Figure 2.1 shows a classic organizational BI solution.

Figure 2.1 Organizational BI typically includes ETL processes, data warehousing, and a semantic layer.

In a typical corporate environment, data is scattered in a variety of data sources, and

consolidating it presents a major challenge. Extraction, transformation, and loading (ETL) processes extract data from the original data sources, clean it, and then load the trusted data in a data warehouse or data mart. The data warehouse organizes data in a set of dimensions and fact tables. When designing the data warehouse, BI pros strive to reduce the number of tables in order to make the schema more intuitive and facilitate reporting processes. For example, an operational database might be highly normalized and have Product, Subcategory, and Category tables. However, when designing a data warehouse, the modeler might decide to have a single Product table that includes columns from the Subcategory and Category tables. So instead of three tables, the data warehouse now has only one table, and end users don’t need to join multiple tables.

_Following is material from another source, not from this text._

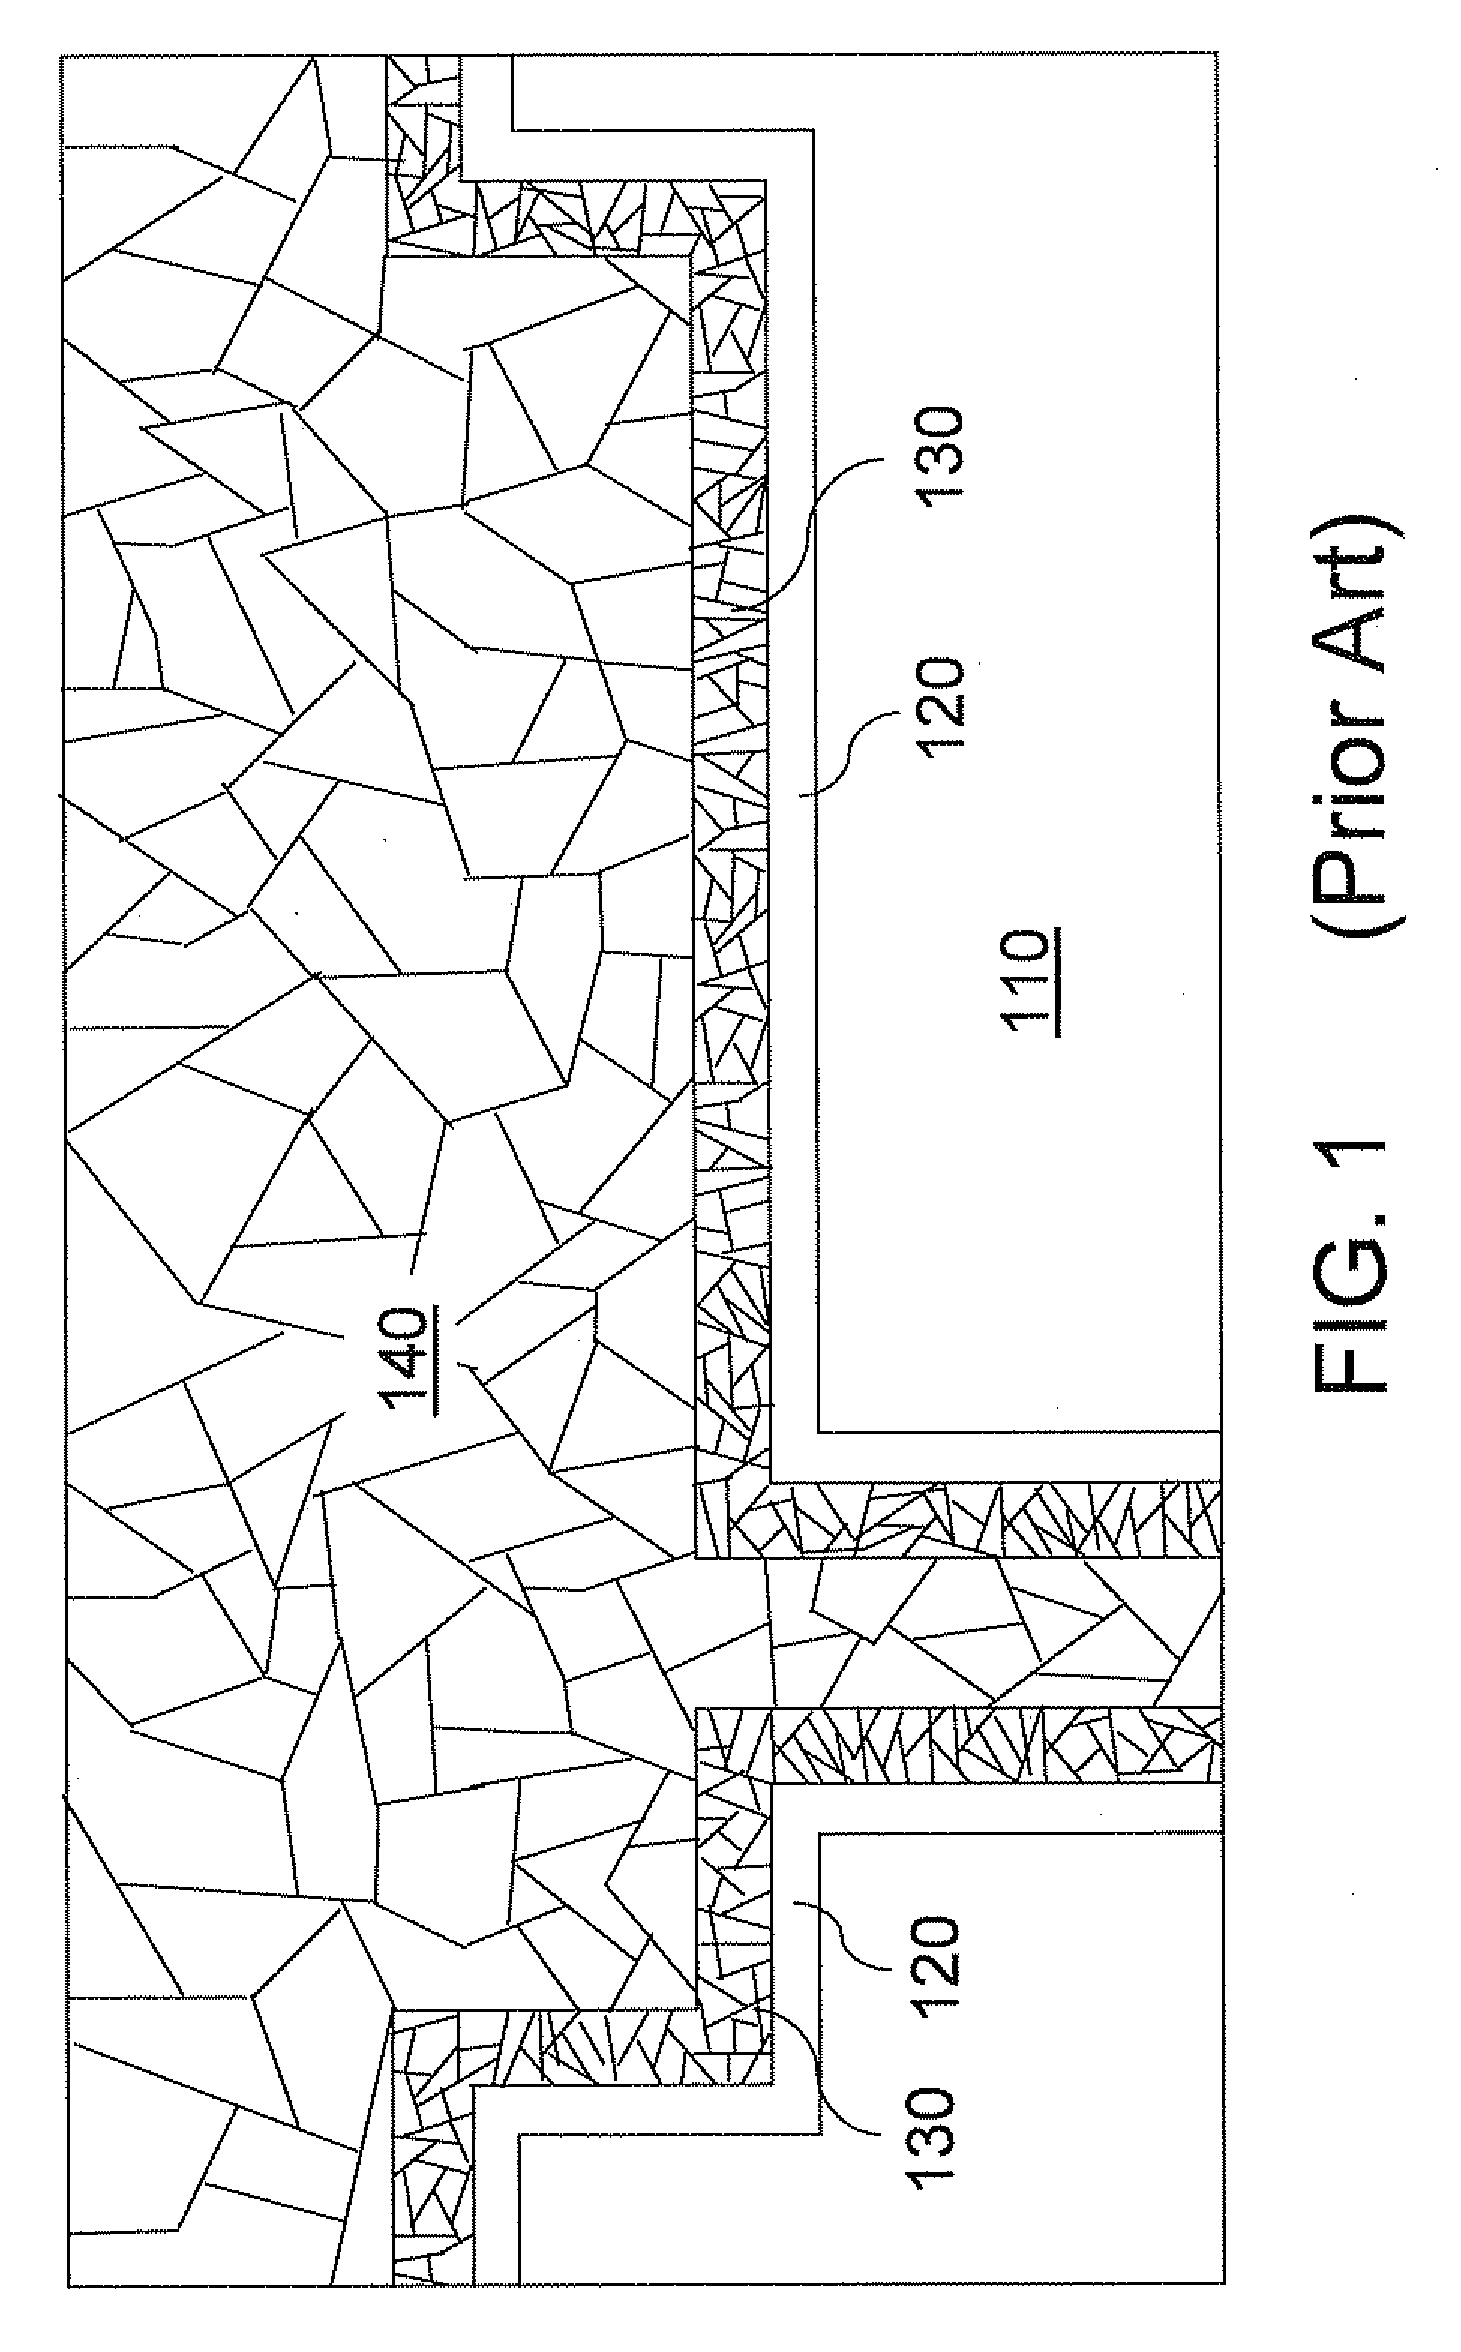 Microstructure modification in copper interconnect structure
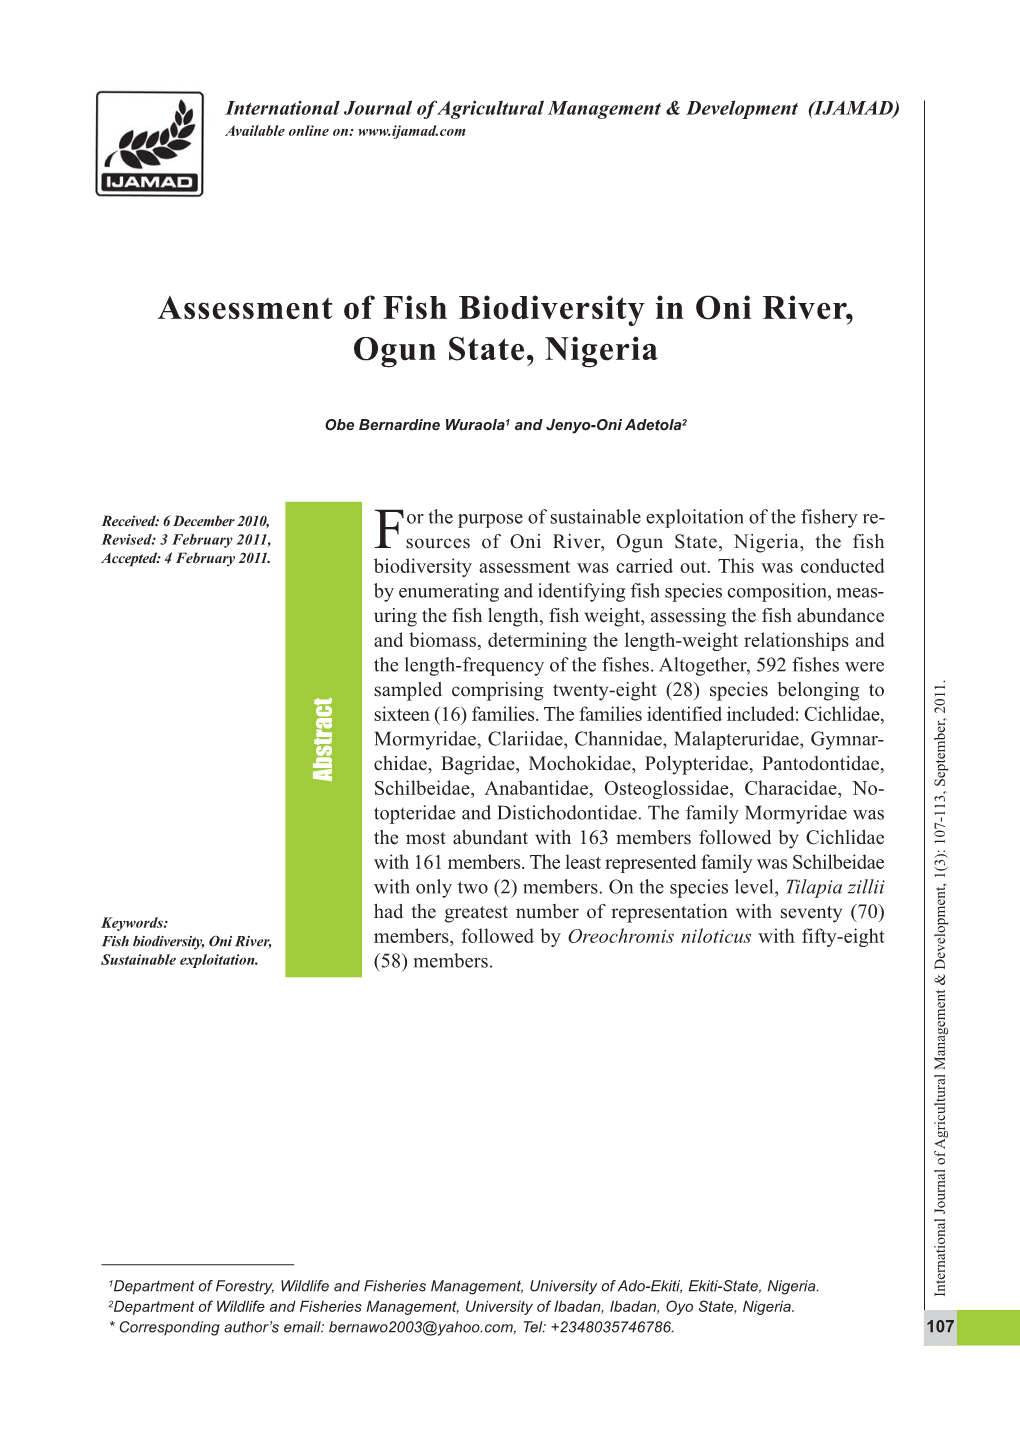 Assessment of Fish Biodiversity in Oni River, Ogun State, Nigeria

While end users could run transactional reports directly from the data warehouse, many organizations also implement a semantic model in the form of one or more Analysis

Services Multidimensional cubes or Tabular models for analytical reporting. As an information worker, you can use Power BI Desktop, Excel, or another tool to connect to the semantic model and then start slicing and dicing data, such as to see how the product sales are doing over time. And IT pros can create operational reports and dashboards from the cube.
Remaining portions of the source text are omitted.